A new lateral flow device could provide a quick and inexpensive way to detect levels of per- and poly-fluoroalkyl substances (PFAS) in drinking water at home.

The researchers from the Massachusetts Institute of Technology, US, who developed the device, say that with the growing concerns surrounding PFAS, selective sensing is ‘imperative’ for monitoring levels in the environment.

‘There is a major demand currently for detection of PFAS in our water,’ explains Collette Gordon, a graduate student at MIT who worked on the project.

‘A lot of people are unknowingly consuming and being exposed to PFAS in their daily life and it’s negatively impacting their health and the health of the environment,’ she adds.

‘While there are a lot of industrial sensors available, like mass spec, there’s not a way to quantify PFAS for everyday home usage … we really wanted to bridge the understanding of the chemistry of water to the public through a very rapid, inexpensive and portable sensor.’

The researchers designed a PFAS sensing platform based on lateral flow technology, the same approach used for rapid Covid-19 tests and at-home pregnancy tests.

However, in this design the test strip is embedded with a conducting polymer, called polyaniline. The polyaniline is deposited onto a strip of nitrocellulose membrane and coated with a fluorosurfactant to selectively pull fluorocarbons, such as PFAS, out of water droplets placed on the strip.

‘We use this polyaniline coating is because, upon introduction to PFAS, polyaniline oxidises and so it increases the conductivity, and we can measure that through an electrical readout,’ says Gordon.
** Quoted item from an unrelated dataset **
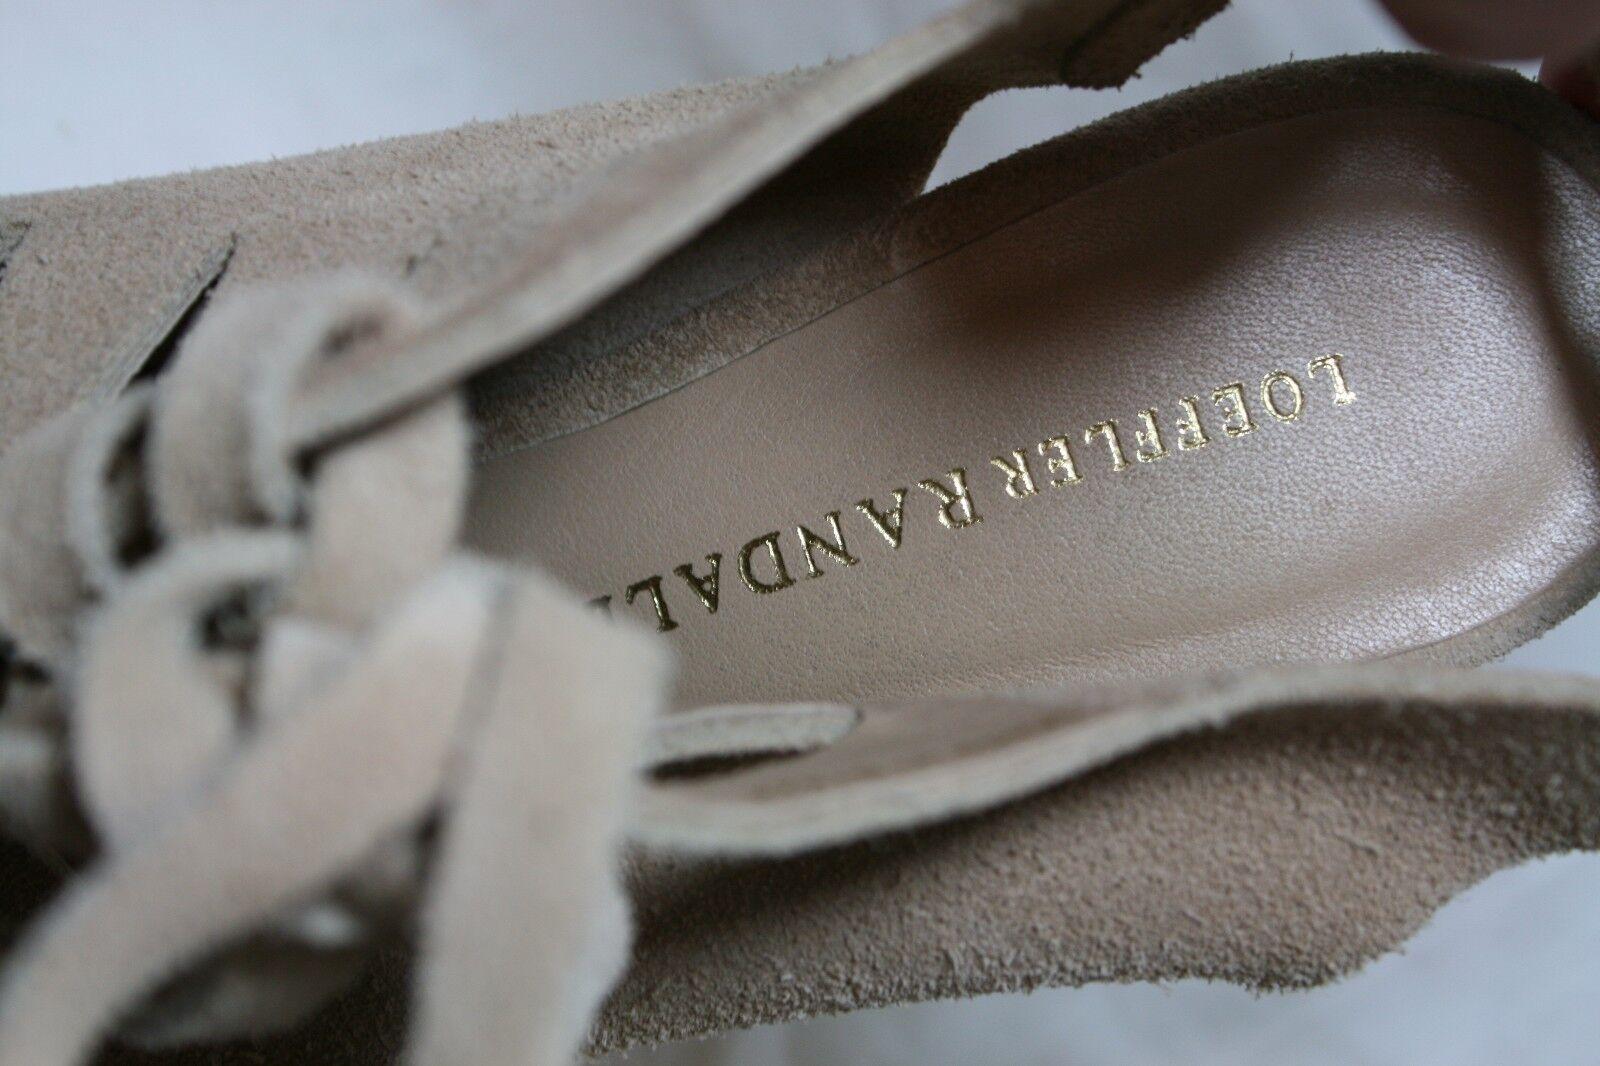 LOEFFLER RANDALL schuhe VIVIAN LACE UP NUDE WEDGE StiefelIES NUDE UP SUEDE 8  495 SLINGBACK 9f8641

This allows users to quantify the PFAS levels in their water samples through resistance measurements.

Gordon adds that her team are now working on ways to improve the portability of the sensors with the goal of enabling anyone to be able quantify the PFAS in their water, regardless of their income or location.

The method can detect perfluorooctanoic acid (PFOA) at levels as low as 400 parts per trillion (ppt), with a limit of 200ppt for perfluorobutanoic acid (PFBA). ‘We’re still trying to decrease our limit of detection for better quantification, but we find our sensors are now applicable for areas where industrial dumping of PFAS is impacting the environment’.

Currently the sensor works for PFOA and PFBA, two of the most common PFAS in the environment, but the team are working to expand the test for the detection of other PFAS.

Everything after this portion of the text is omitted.